Acura has announced that production of the much-anticipated 2023 Integra has officially commenced in Marysville, Ohio. Deliveries of the iconic nameplate are said to commence in June and orders can be placed now.
But with pricing having revealed the starting MSRP of $31,895 — over three grand more than the mechanically similar Honda Civic Si — one wonders if the public interest has held strong. We now know that we’re effectively getting a revamped version of the ILX (also based on the Civic) with a steeper price tag and a more desirable name. The Integra comes with a 200-horsepower turbocharged 1.5-liter inline-four, mated to either a continuously variable automatic (CVT) or a six-speed manual transmission. But the CVT is standard, forcing customers that want a manual to spend $36,895 (including destination) for the A-Spec — which also comes with adaptive dampers, sportier looks, a limited-slip differential, and Acura’s technology package.
While the tech niceties are probably sufficient in justifying the price bump, every version of the Integra still comes with 200-hp and 192 lb-ft of torque driving the front wheels. This may make it difficult to rationalize for those seeking a performance bargain, as there are quicker vehicles priced very near the Integra. While the majority of these are small hatchbacks and base-trimmed performance coupes utilizing turbocharged fours, there are also several V6-powered sedans hovering around $35,000.
It may not be entirely fair to call the Nissan Maxima a sports car. But the model does offer a 300-hp, 3.5-liter V6 for roughly the same money as the A-Spec. We are dubious that it’ll be able to hang with the Integra squealing around corners and are disappointed it also comes with a CVT. But it’s a very comfortable cruiser and likely to embarrass the Acura in a straight line.
Toyota also sells V6-powered versions of the Camry and consumers may still find leftover examples of the criminally underrated 2022 Avalon for roughly $35,000 on the same lot. Subaru has even softened the all-wheel-drive WRX to make it more adept at daily driving for the 2023 model year — and it’s almost assured to be the quicker car when lined up alongside the upcoming Integra. But if creature comforts are less important, Honda offers the nearly identical Civic Si for $28,315 and the 306-hp Type-R retails (without dealer markups) for roughly the same amount as Acura’s A-Spec.
Where exactly is the Integra supposed to find its niche? Honda has a solid reputation for delivering models that don’t appear all that impressive on paper and still manage to become legendary performance vehicles for offering high levels of satisfaction from behind the wheel. But the Integra looks to be little more than a direct replacement for the ILX, running with an emissions-friendly 1.5-liter (rather than the ILX’s 2.4-liter) and loaded up with tech. Only a portion of the recipe appears to be directed at the hardcore enthusiasts salivating over their rose-tinted memories of the previous Integra — leaving us with a model that’s effectively the luxury variant of the Civic Si.

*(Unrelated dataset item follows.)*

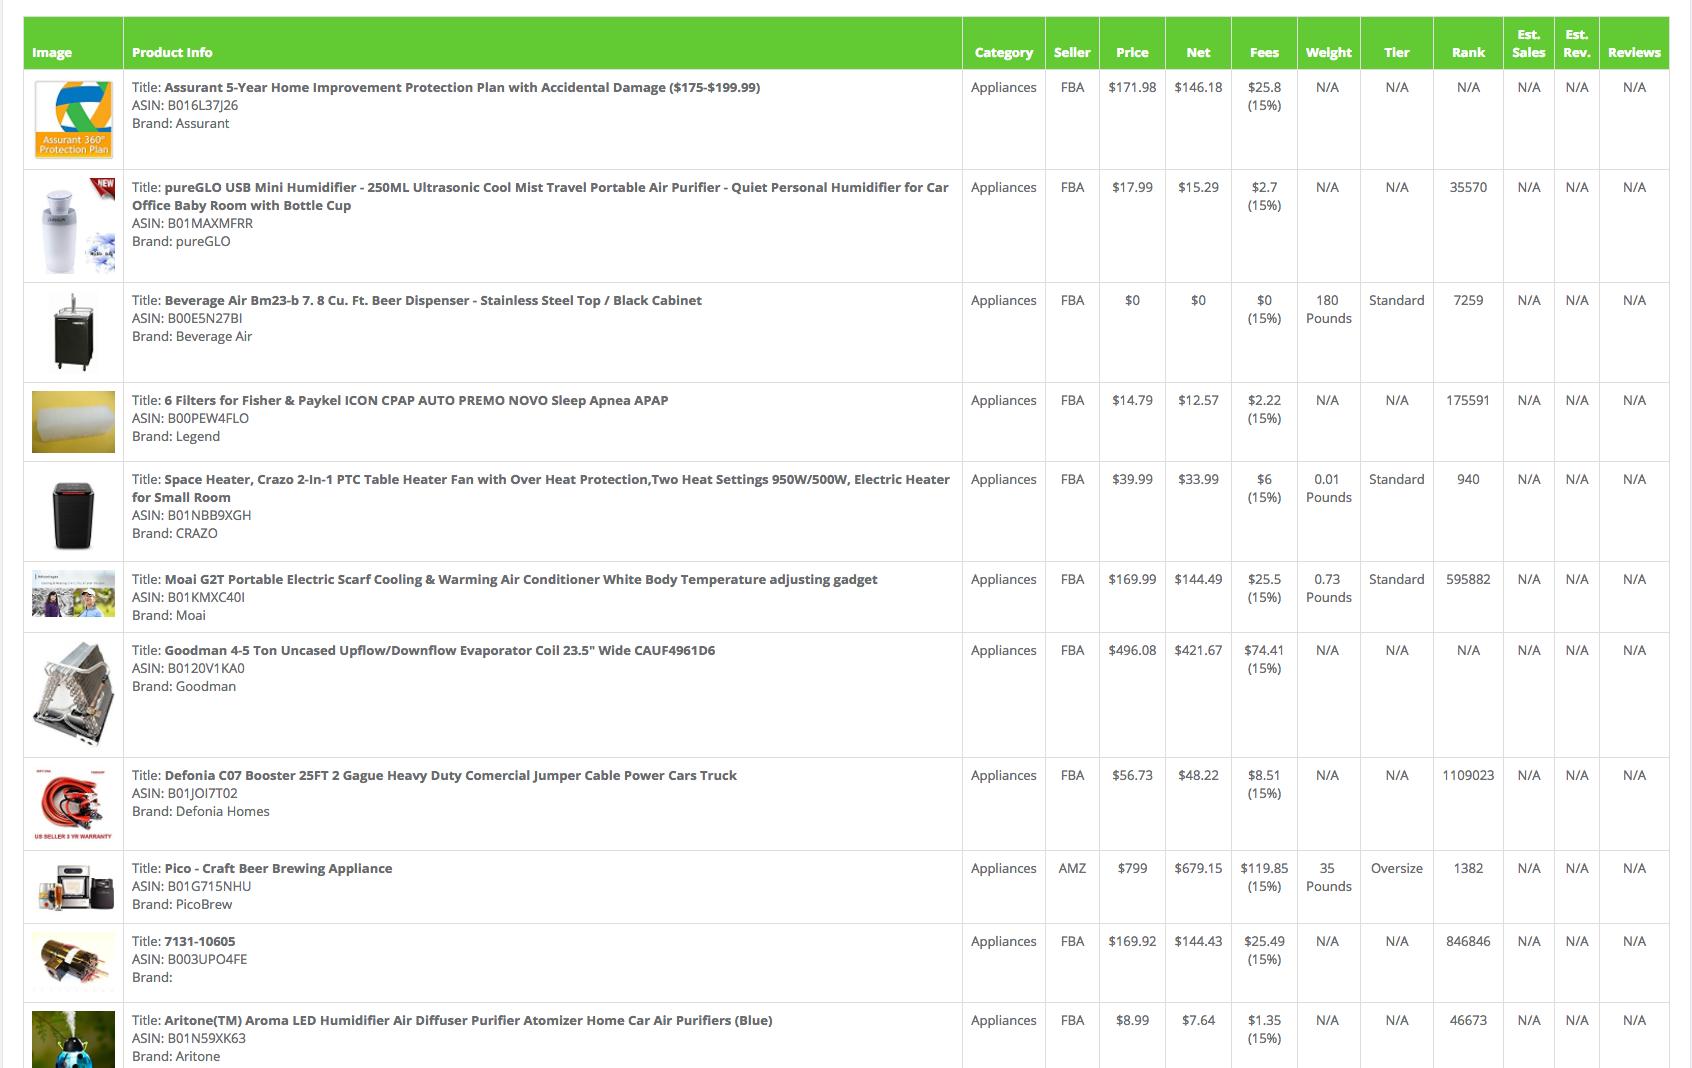 amazon-sales-improvement-service5b4c993066483f0309b9c52a

If that’s to be the case, there’s little doubt that the 2023 Acura Integra will be a ball of fun when tossed around a corner. But it’s hard to see it shining quite so brightly when the Hyundai Elantra N and Volkswagen Jetta GLI are lurking nearby with lower price tags. Obviously, we need to see it dance before making any real conclusions. Though this nagging feeling that the market for a near-premium sedan with sporting pretensions might not be as robust as the automaker needs has persisted.
Maybe we’re all just waiting for that Type-R engine to drop. But what say you? Are you still interested in the upcoming Acura or is the Integra just the next ILX leveraging a nostalgic name?